Dear Amy: When I moved to my new home a few years ago, my neighbor told me that she’d had multiple back surgeries. She is in her mid-50s and does not work.
She does, however, shovel 3 feet of snow from her roof, uses a rototiller in her yard, lugs mounds of leaves, etc.
From conversations and from what I’ve witnessed, it is my understanding that she is on disability.
It is disturbing to be contributing financially for her welfare via my tax dollars, when it is obvious that she’s very able-bodied. Additionally, she is an ever-present annoyance who is unable to respect boundaries, even after we’ve repeatedly asked her to respect our space. One of her dogs bit my husband in our yard. She can be spiteful and has temper tantrums.
The bottom line is that it’s highly likely that I contribute to her well-being (through disability), just so she can make our lives uncomfortable.
I’d like your take on this. I’ve taken a few photos showing her physical abilities — just in case. Should I bring it to the attention of the Department of Social Security?
I suspect this is a common issue facing many people. — Upset Neighbor
Dear Neighbor: Your neighbor’s back surgeries have evidently been successful — hence her impressive physical abilities. You suspect (but don’t know) that she is on disability, but, if so, understand that her disability payments might be unrelated to her back surgeries, but related to a different illness or disability.
This is from the HHS.gov website: “You can report disability fraud to the Social Security Administration (SSA) Office of Inspector General Hotline at:1-800-269-0271 or the website: oig.ssa.gov (do a keyword search for “fraud, waste, and abuse”).

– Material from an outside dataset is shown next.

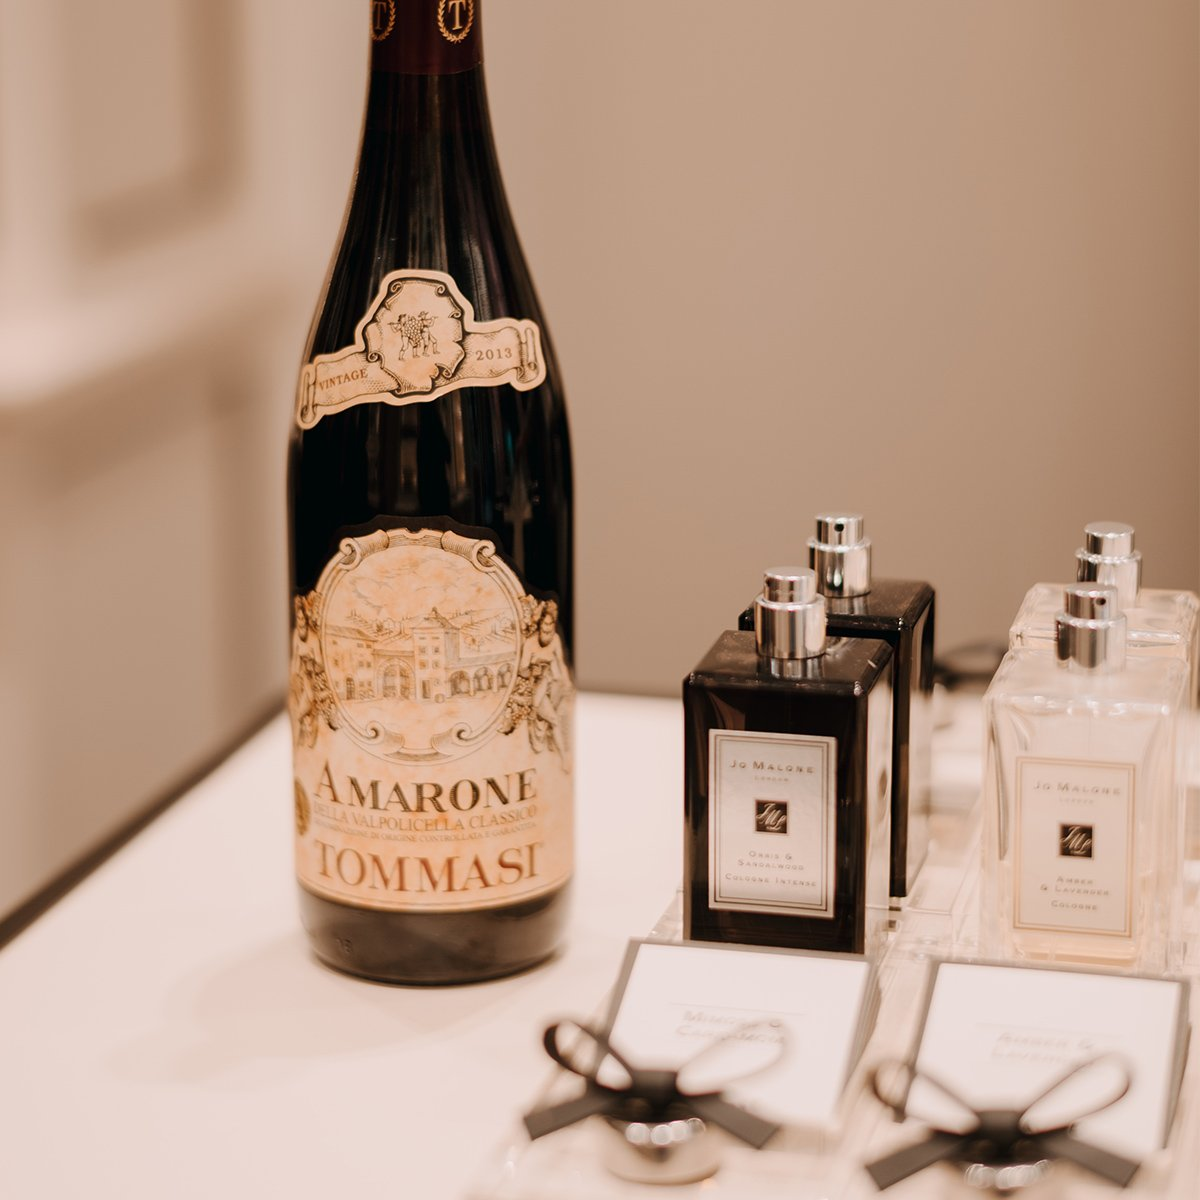 jomalone-tommasi-wine-tasting

You could also send a report by mail to: Social Security Fraud Hotline, P.O. Box 17785, Baltimore, MD 21235.
The Office of Inspector General encourages people to report suspected fraud, waste, and abuse of tax dollars. I assume this office relies heavily on suspicious, spiteful, or fed-up neighbors, family members, or former colleagues to do so. I don’t see this as a particularly challenging ethical dilemma, but I suggest you do your best to get your facts straight before filing your report.

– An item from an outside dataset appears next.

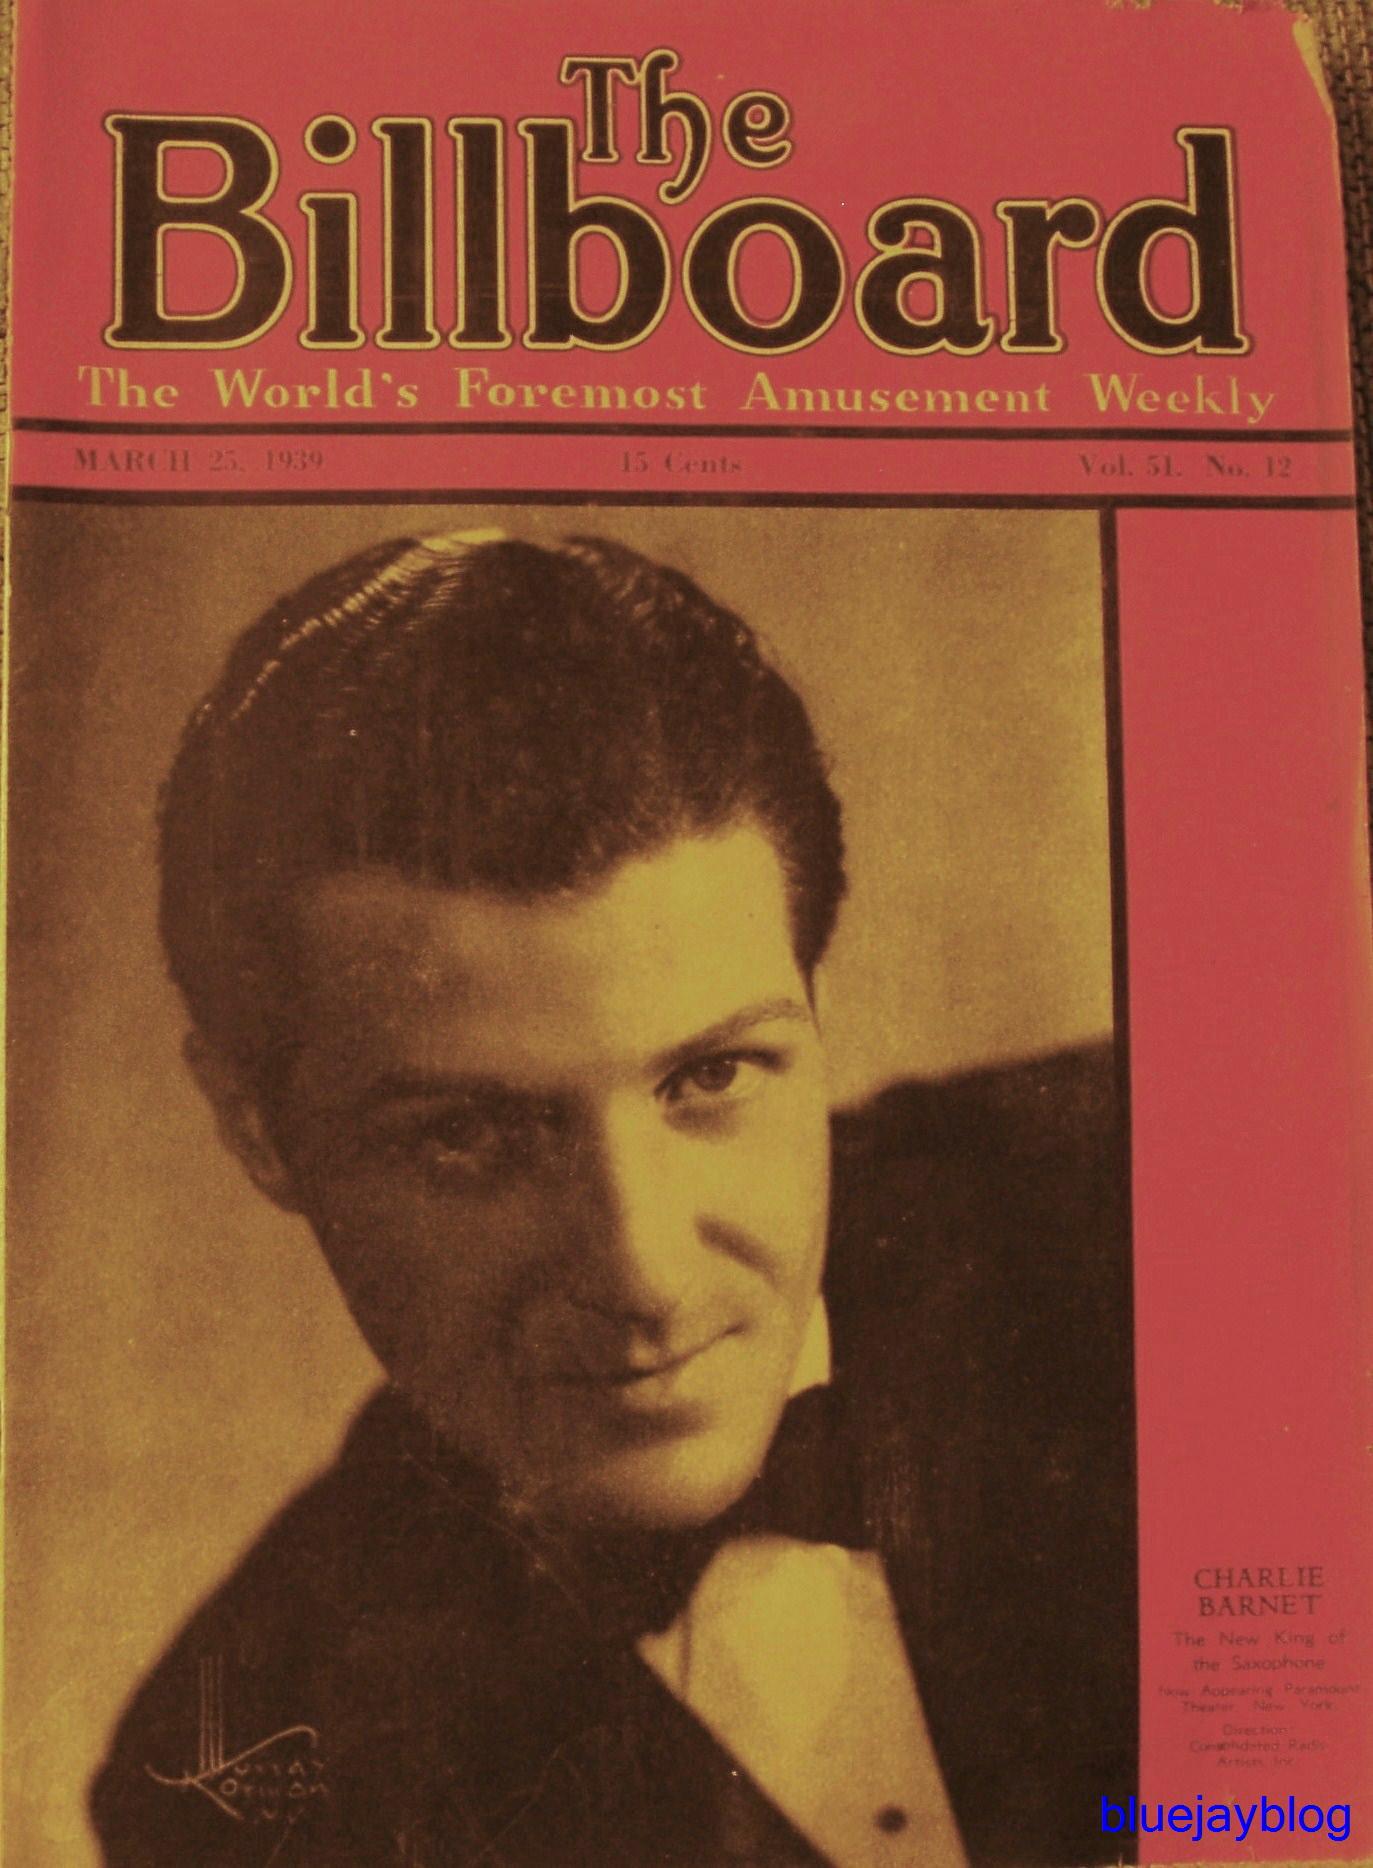 An Old Billboard Magazine   bluejayblog

Dear Amy: An opportunity has presented itself, and I’m not sure if I am wrong to want to pursue it — or how to handle it.
My husband and I might have the opportunity to pick up a new job a few hours away from where we currently live. This would require a move to where we would be closer to friends and family. We’ve both talked about this before, but we haven’t committed to relocating yet.

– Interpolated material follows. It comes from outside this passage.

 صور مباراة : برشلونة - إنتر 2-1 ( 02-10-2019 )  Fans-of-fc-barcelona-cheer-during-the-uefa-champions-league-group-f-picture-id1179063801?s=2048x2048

The issue is that, although I am nervous about the whole thing, I can’t pin down whether my husband really wants to go or is just placating me with a yes and then hoping I forget about it.
We’ve discussed the pros and cons of this move, and his major worry is starting over at a new job after six years at our current jobs.
While I’m not keen to start a new job, this move is something I’ve been wanting for the past couple years now, and this time around, it just seems right to me.
I’m not sure if I should keep bringing it up to him and don’t know how to approach it. — Adulting Sucks
Dear Adulting: Partners often placate one another. There are worse ways to behave.
Relocating is challenging, even when it is something you overall want to do.
One way to “adult” your way through this would be to set out on a journey together over a weekend to the proposed new location. Use the car ride to go over your pros and cons list, spend time exploring the options as you perceive them, and give your husband plenty of room to express himself freely without you pushing or prompting. His adult job is to be honest regarding his own reactions and concerns.
Ideally, when faced with huge life choices, couples will hold hands and make the leap together. But sometimes, one partner is squeezing a little harder.
Dear Amy: Thank you for your thoughtful response concerning “A from Minnesota,” who is grieving her father’s death.
I would like to suggest that another source of support would be grief/bereavement groups offered my most hospice organizations (whether the deceased was cared for by hospice or not) and many churches. — A Hospice Social Worker
Dear Social Worker: Thank you. Grief groups are an essential route toward healing for many people.